El día le recibió con un espléndido sol, que se empecinaba en brillar con una intensidad que atravesaba las fastuosas cortinas de la enorme habitación del castillo.
«Si todos los trabajos son como éste, yo sigo en esto», pensó Marc.
Una ligera carrera a marcha rápida por los alrededores le vendría bien para mantenerse en forma y de camino le permitiría pensar en el curso que estaban tomando los acontecimientos. Se calzó las zapatillas, una de sus mejores prendas deportivas, que se le antojaron al mismo nivel de lujo que la mansión en la que había pasado la noche.
En el hall se encontró con Guylaine, que iba hacia el comedor. La chica, de forma instintiva, se le acercó para besarle en la mejilla dándole los buenos días.
El gesto le gustó tanto que se frotó la barba para ver si se había afeitado. Se acordó de que iba a hacer un poco de ejercicio y que había previsto la ducha para más tarde.
—Si quieres, quedamos después de tu regreso para analizar la carta, tal y como acordamos —dijo la mujer.

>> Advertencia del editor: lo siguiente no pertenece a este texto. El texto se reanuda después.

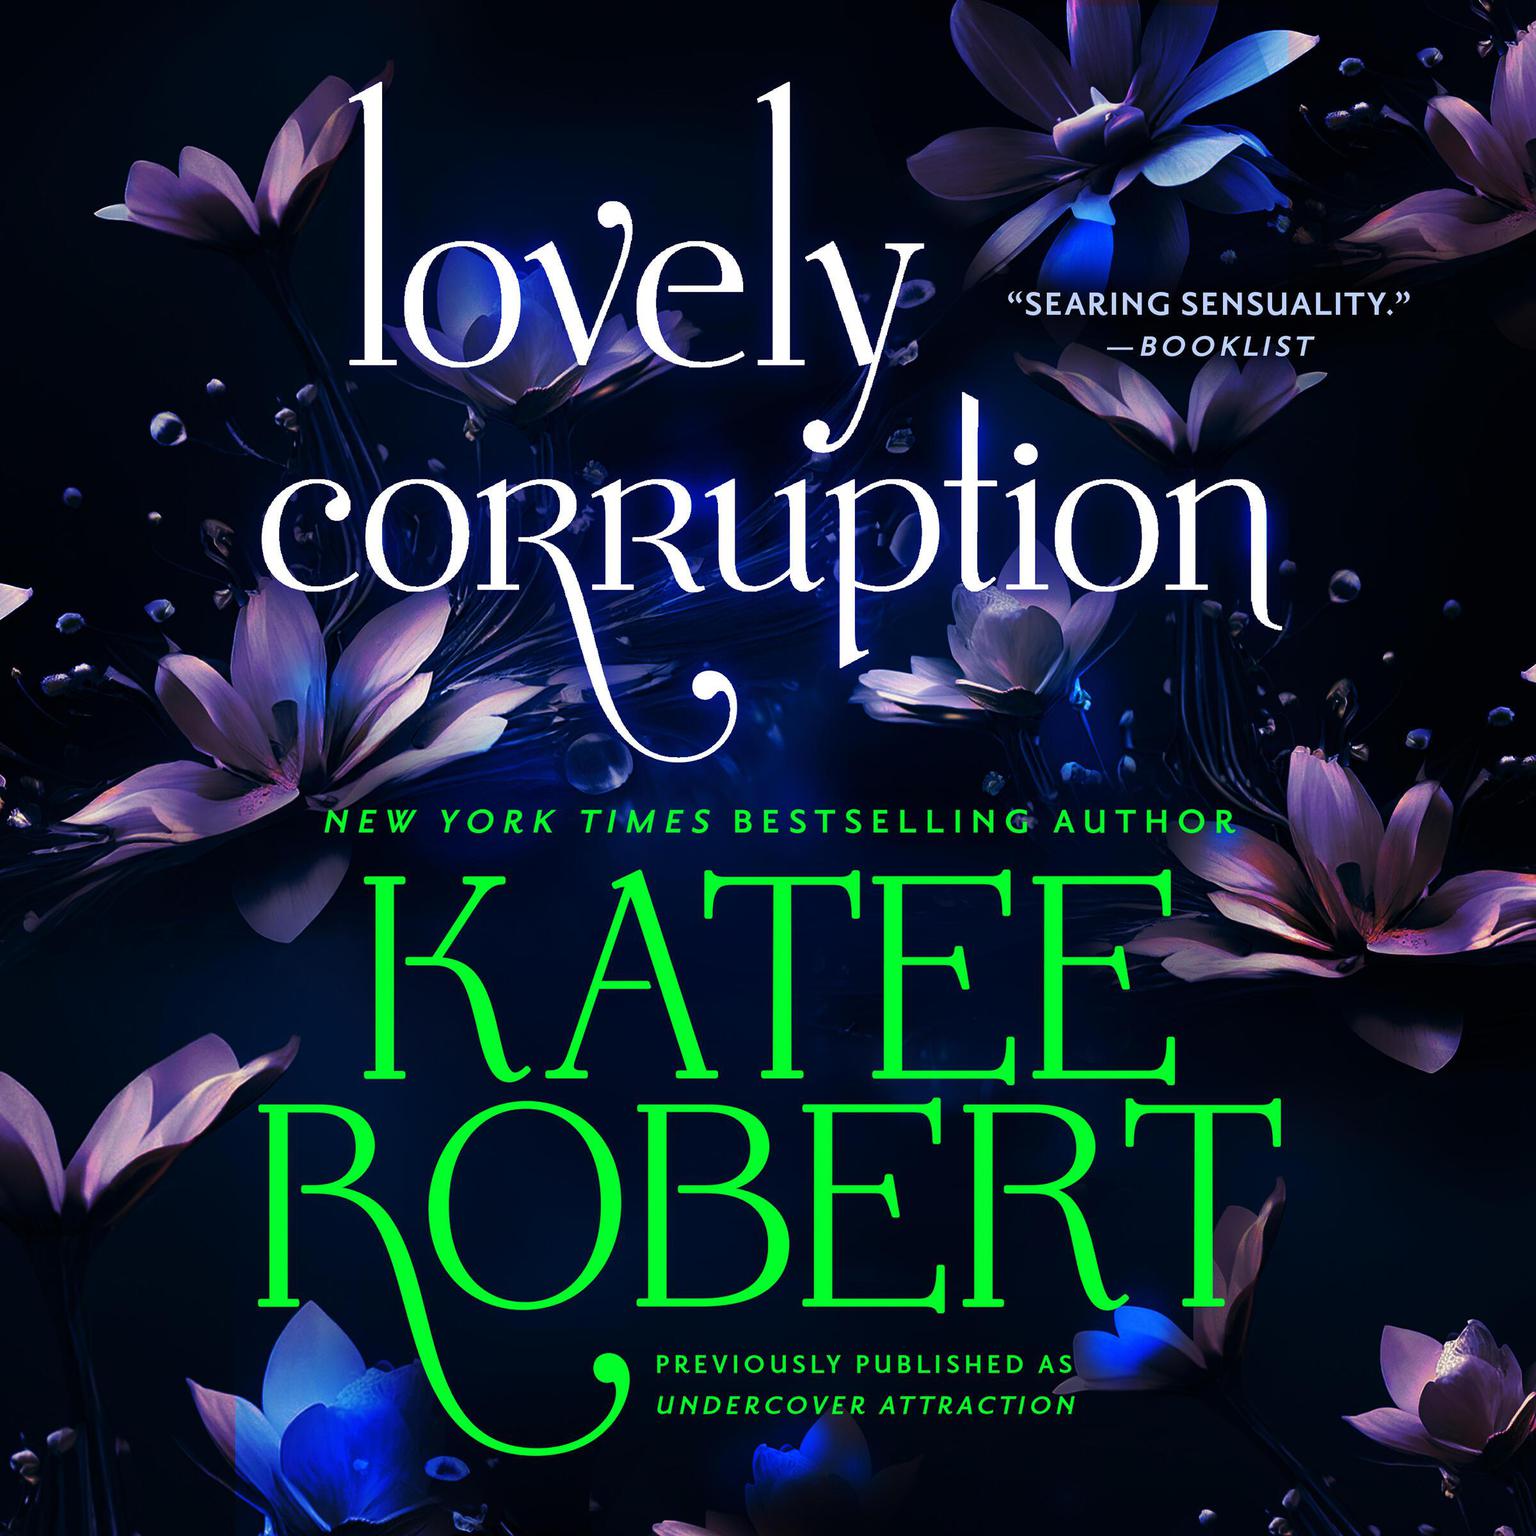 Lovely Corruption (previously published as Undercover Attraction) Audiobook, by Katee Robert
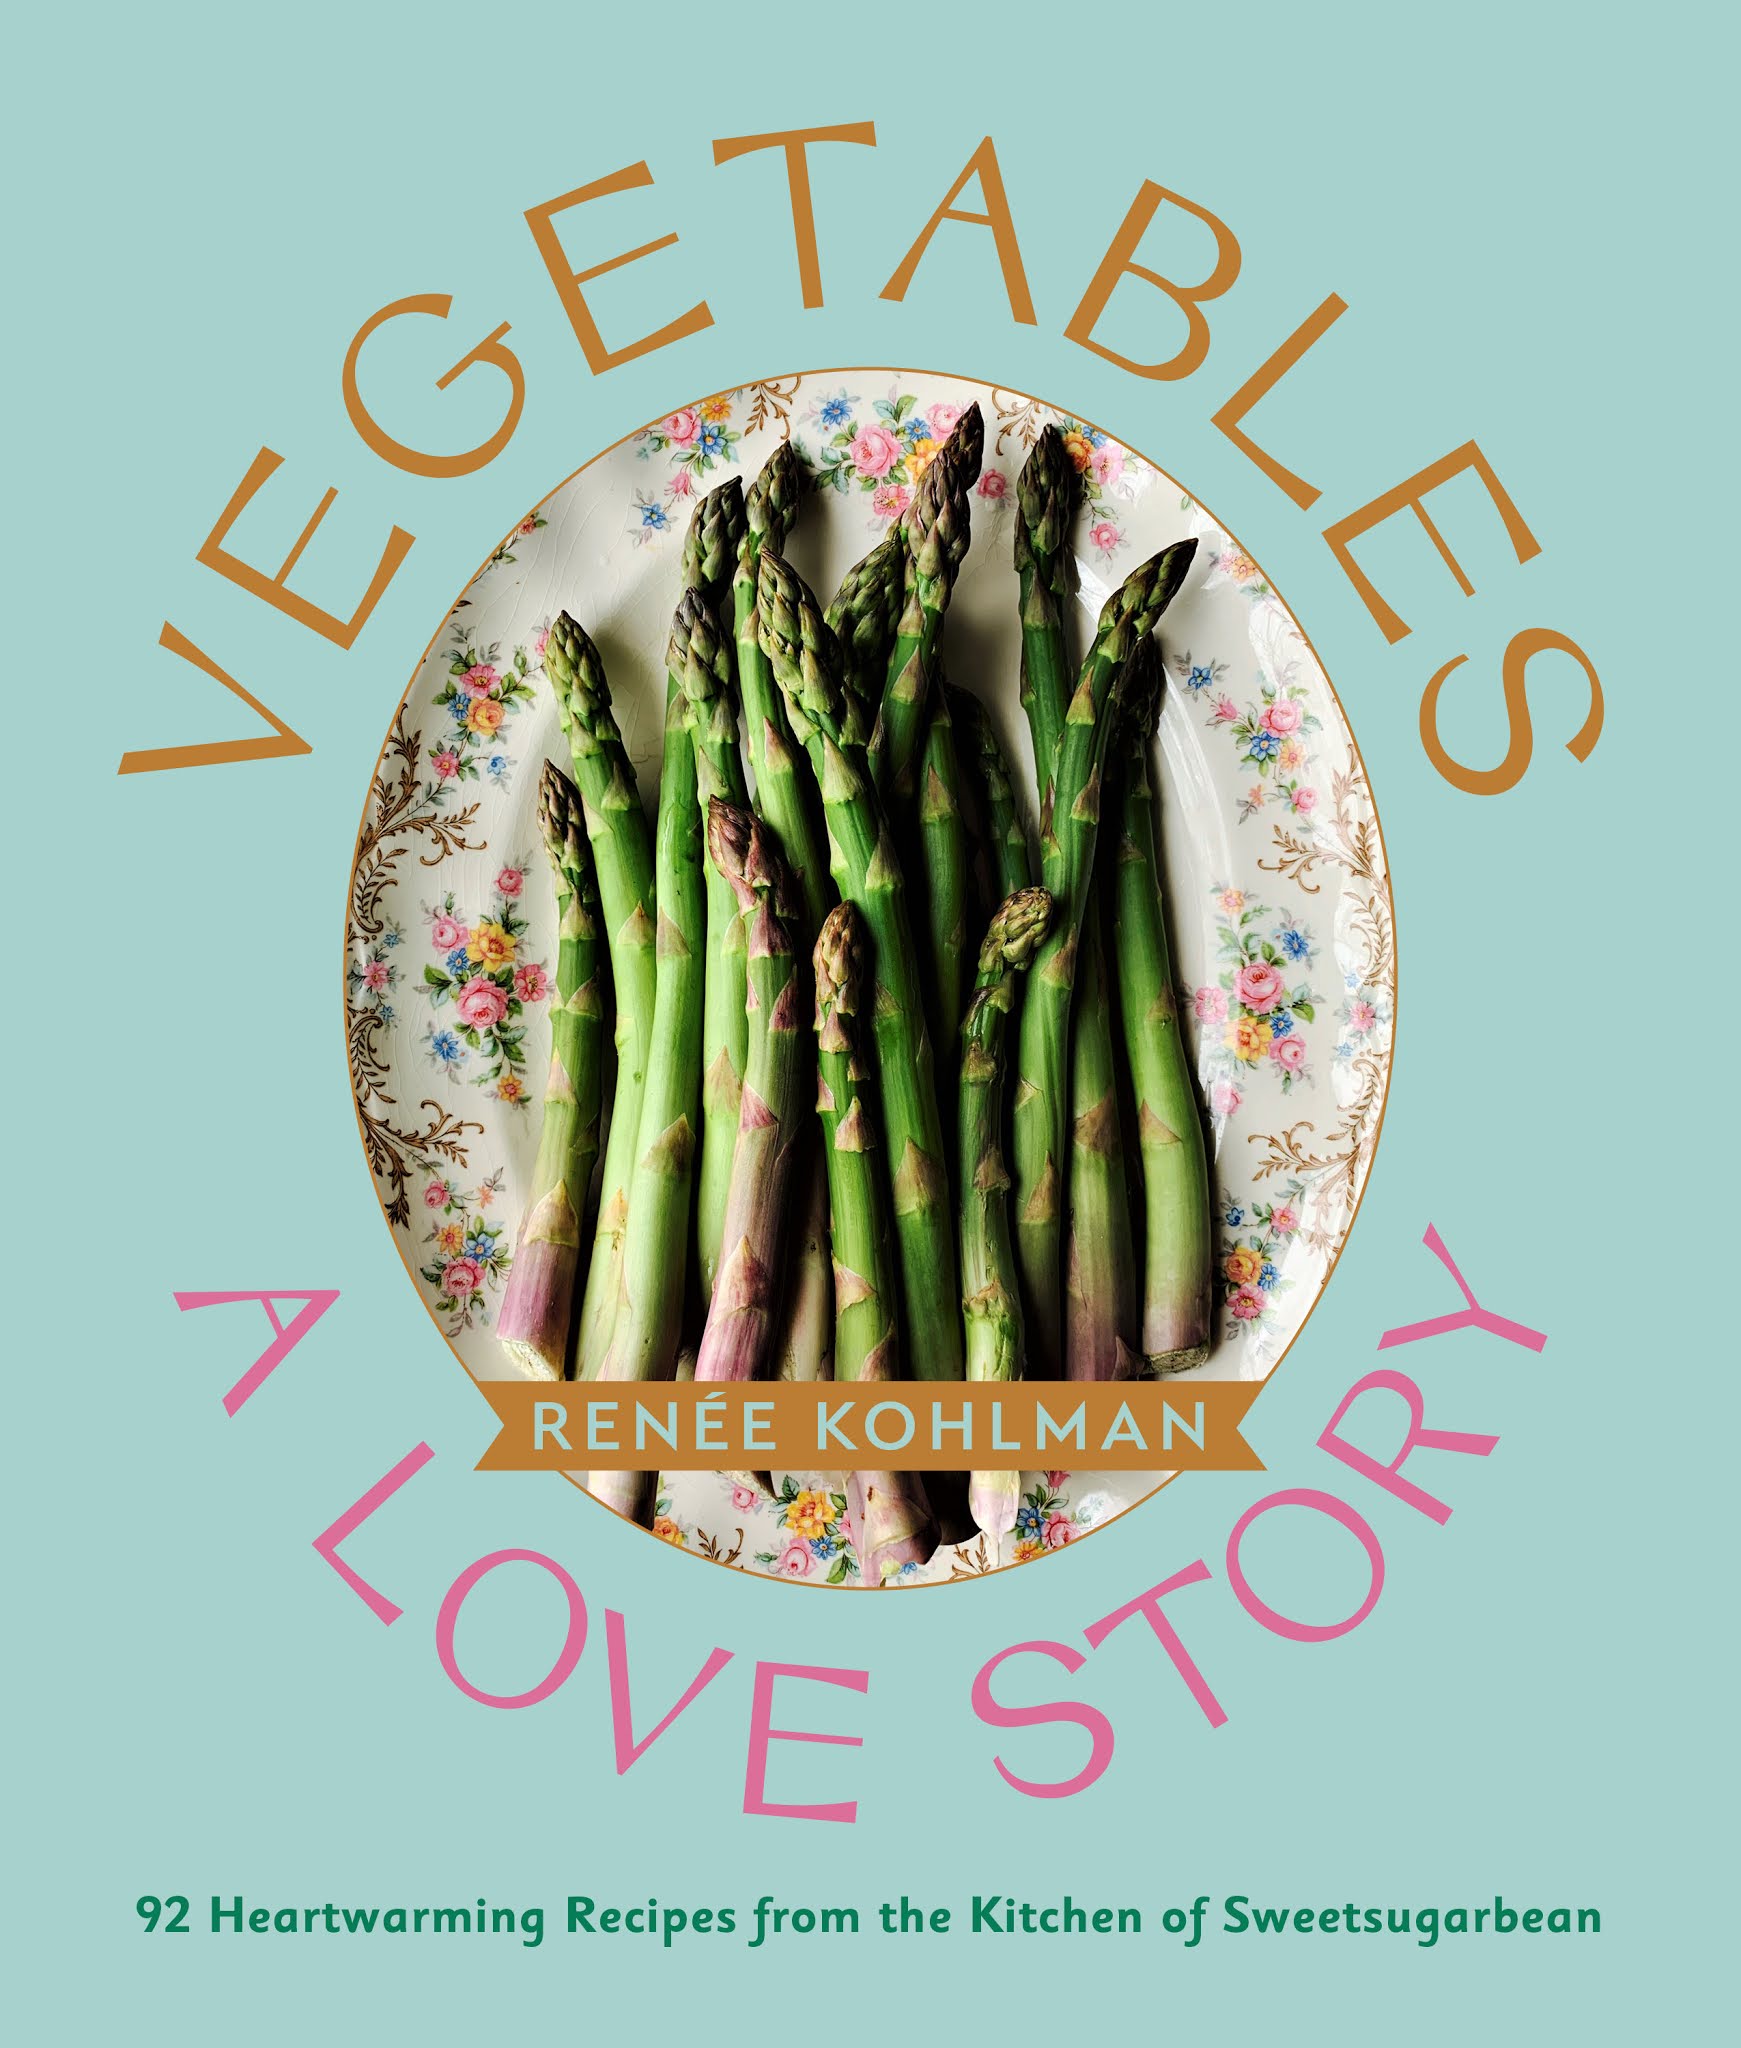 the cover of the new cook book 'Vegetables, a love story' by Renee Kohlman

—Claro. Sólo voy a hacer unos pocos kilómetros y vuelvo en seguida. ¿Me esperas tomando el desayuno?
—Por supuesto, allí estaré con la nota de mi padre. Llevaré el original.
* * *
Cuando el sudor se le colaba por entre las cejas, comenzó a pensar que quizá debía parar, porque había recorrido una buena distancia y ya se daba por satisfecho, así que, de vuelta, un paseo caminando a marcha rápida no le vendría mal para ir calmando el ritmo mientras iba viendo los sorprendentes colores que había tomado la campiña en una mañana tan hermosa.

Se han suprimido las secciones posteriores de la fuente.